요약하면, 본 발명의 실시예에 따른 질의 기반 문서 요약 장치(10)는 전처리 단계, 질의 확장 단계, 용어 가중치 재산정 단계 및 문장 추출에 의한 요약문 생성 단계를 수행한다. In summary, the query-based document summarizing apparatus 10 according to an embodiment of the present invention performs a preprocessing step, a query expansion step, a term weighting property renaming step, and a sentence generation step by sentence extraction.

첫 번째로, 질의 기반 문서 요약 장치(10)는 전처리 단계에서 입력문서를 문장으로 분해한 후 용어를 추출하여 용어문장 행렬을 만든다. First, the query-based document summarizing apparatus 10 decomposes an input document into sentences in a preprocessing step and extracts terms to form a term sentence matrix.

두 번째로, 질의 기반 문서 요약 장치(10)는 질의 확장 단계에서 의사연관 피드백을 이용하여 입력된 사용자의 질의를 확장한다.Secondly, the query based document summary device 10 expands the input user's query using the correlational feedback in the query expansion step.

세 번째로, 질의 기반 문서 요약 장치(10)는 가중치 계산 단계에서, 비음수 행렬분해된 의미특징을 이용하여 용어의 가중치를 재산정한 용어문장 행렬을 산출한다.Third, the query-based document summarizing apparatus 10 calculates a term sentence matrix in which the weights of terms are redefined using non-negative matrix-determined semantic features in the weight calculation step.

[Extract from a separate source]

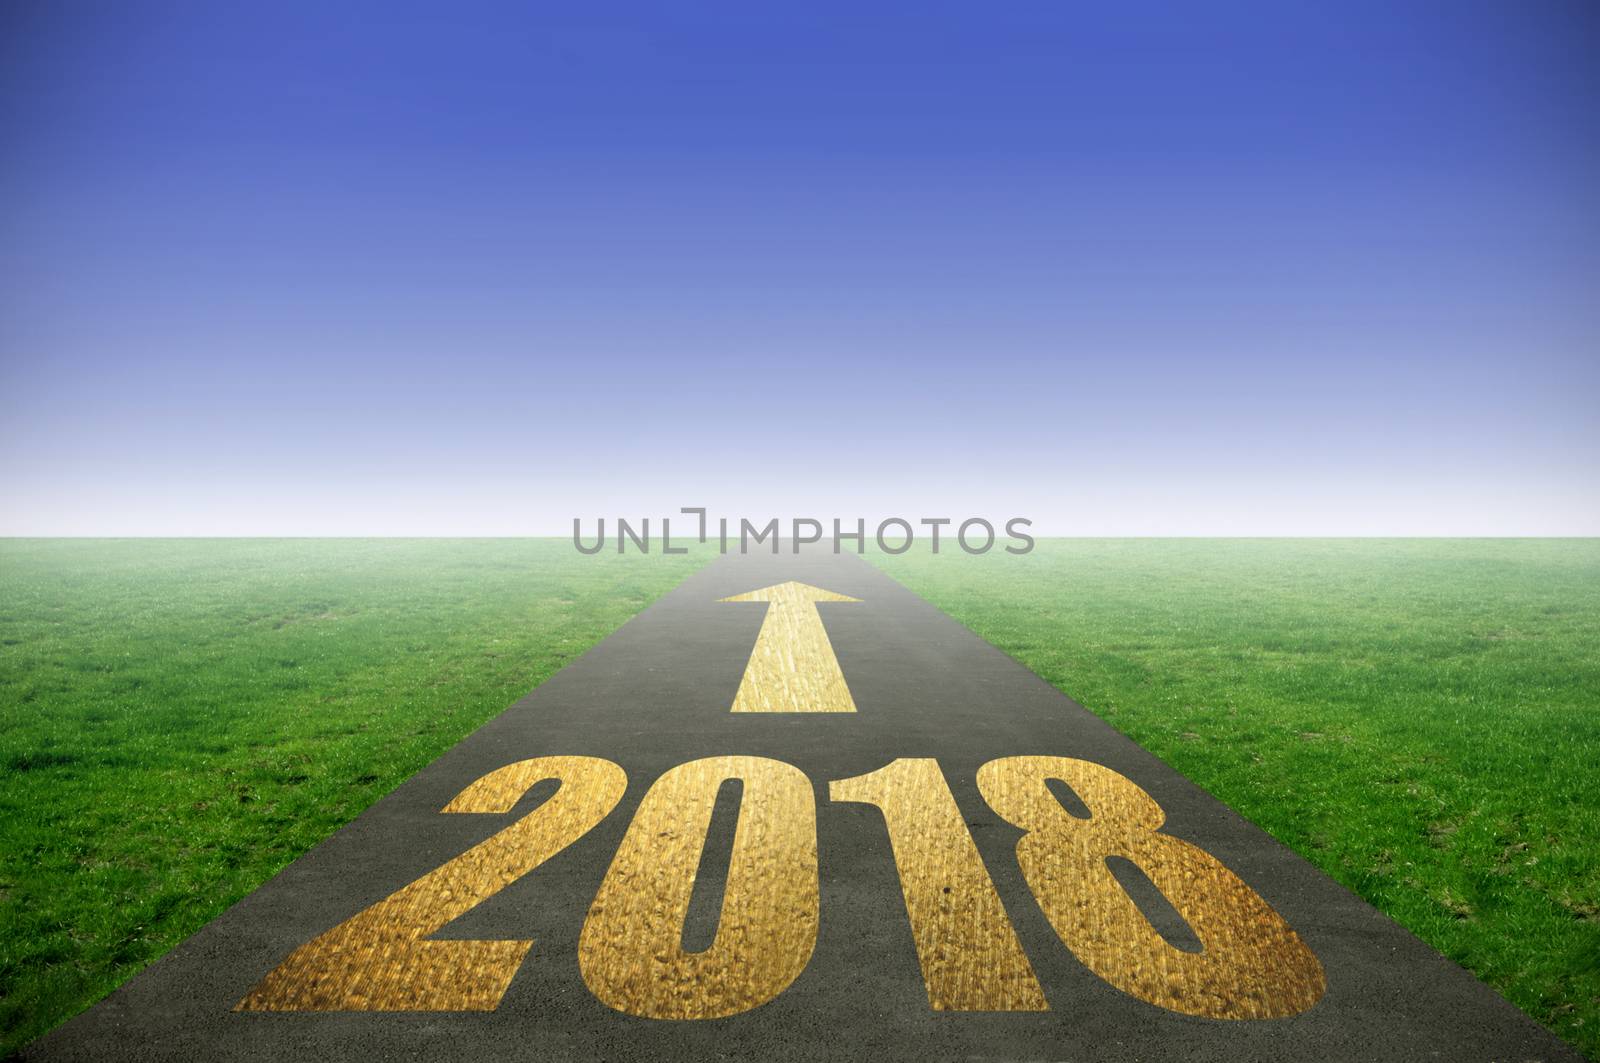 2018 printed in gold on road with green grass on each side
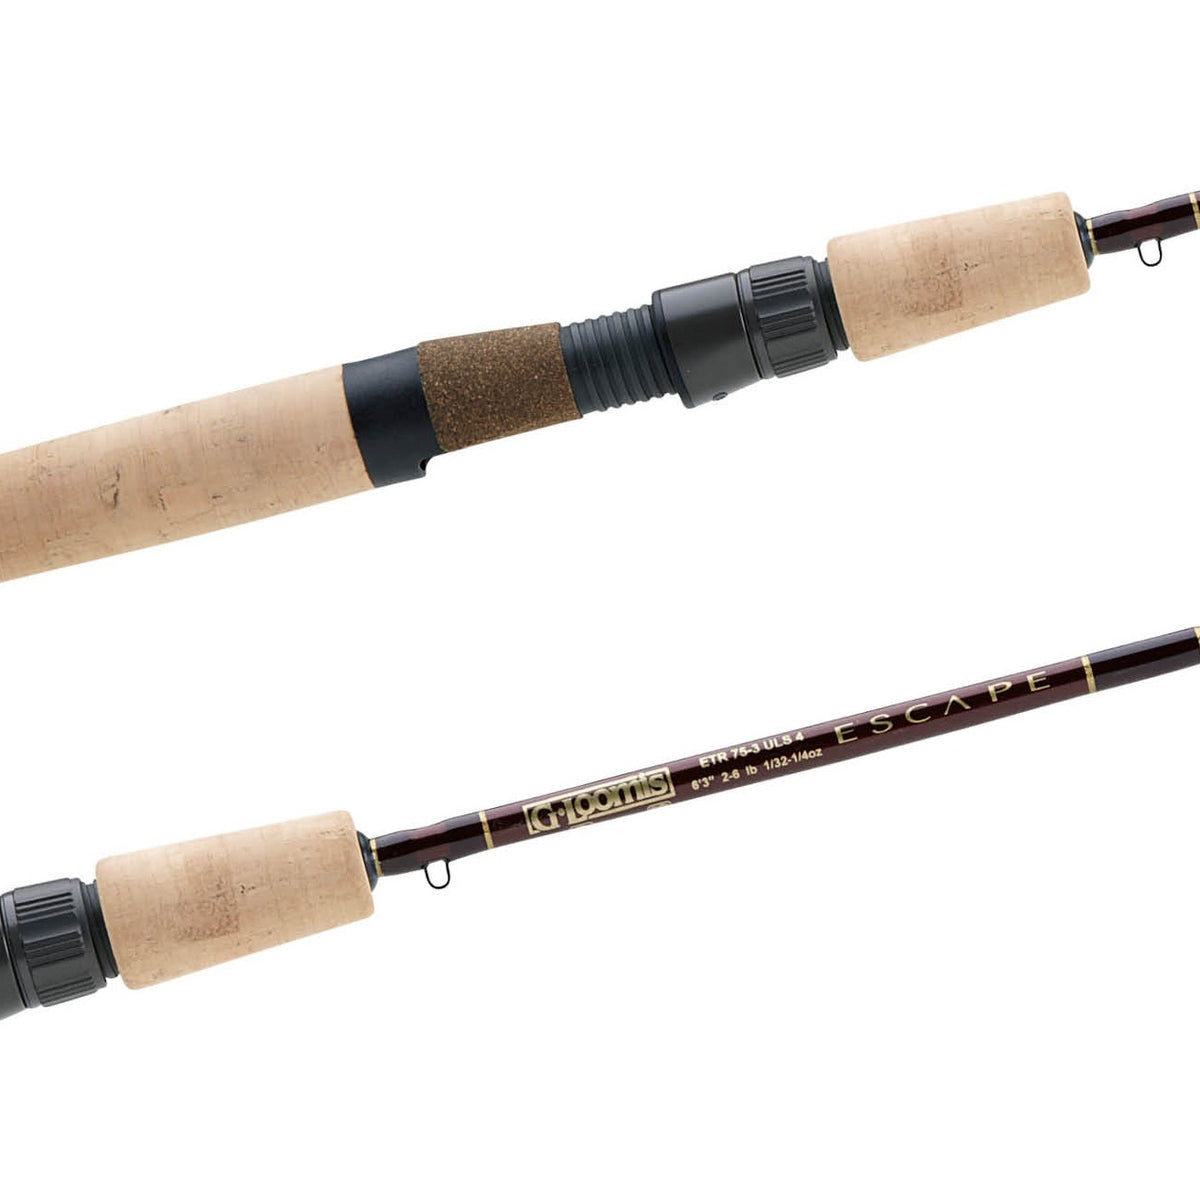 Reel Seats, Rod Grips, Exotic Cork, Fly Rod Guides

마지막으로, 질의 기반 문서 요약 장치(10)는 문서요약 단계에서, 확장된 질의와 재산정된 용어 가중치를 적용한 용어문장 행렬 간의 유사도를 확인하여 유사도가 높은 상위 기설정된 개수의 문장을 이용하여 요약문을 생성한다.Finally, the query-based document summarizing apparatus 10 checks the similarity between the extended query and the term sentence matrix to which the redefined term weight is applied, and uses the higher preset number of sentences having a higher similarity to generate a summary sentence. Create

이상, 본 발명의 구성에 대하여 첨부 도면을 참조하여 상세히 설명하였으나, 이는 예시에 불과한 것으로서, 본 발명이 속하는 기술분야에 통상의 지식을 가진자라면 본 발명의 기술적 사상의 범위 내에서 다양한 변형과 변경이 가능함은 물론이다. 따라서 본 발명의 보호 범위는 전술한 실시예에 국한되어서는 아니되며 이하의 특허청구범위의 기재에 의하여 정해져야 할 것이다.While the present invention has been described in detail with reference to the accompanying drawings, it is to be understood that the invention is not limited to the above-described embodiments. Those skilled in the art will appreciate that various modifications, Of course, this is possible. Accordingly, the scope of protection of the present invention should not be limited to the above-described embodiments, but should be determined by the description of the following claims.

Claims

A preprocessor for decomposing an input document into sentences to generate a term sentence matrix;
A query extender that extends user queries using correlation feedback;
A weight calculator for recalculating the weights of terms using nonnegative matrixed semantic features; And
A summarizer that generates a summary for the input document using the extended terminology matrix with the user query and the weighted term of the redefined term
Query-based document summary device comprising a.

The method of claim 1, wherein the summarizer,
And confirming the similarity between the term sentence matrix to which the weight of the redefined term is applied and the extended user query, and generating the summary by using the higher preset number of sentences having the high similarity.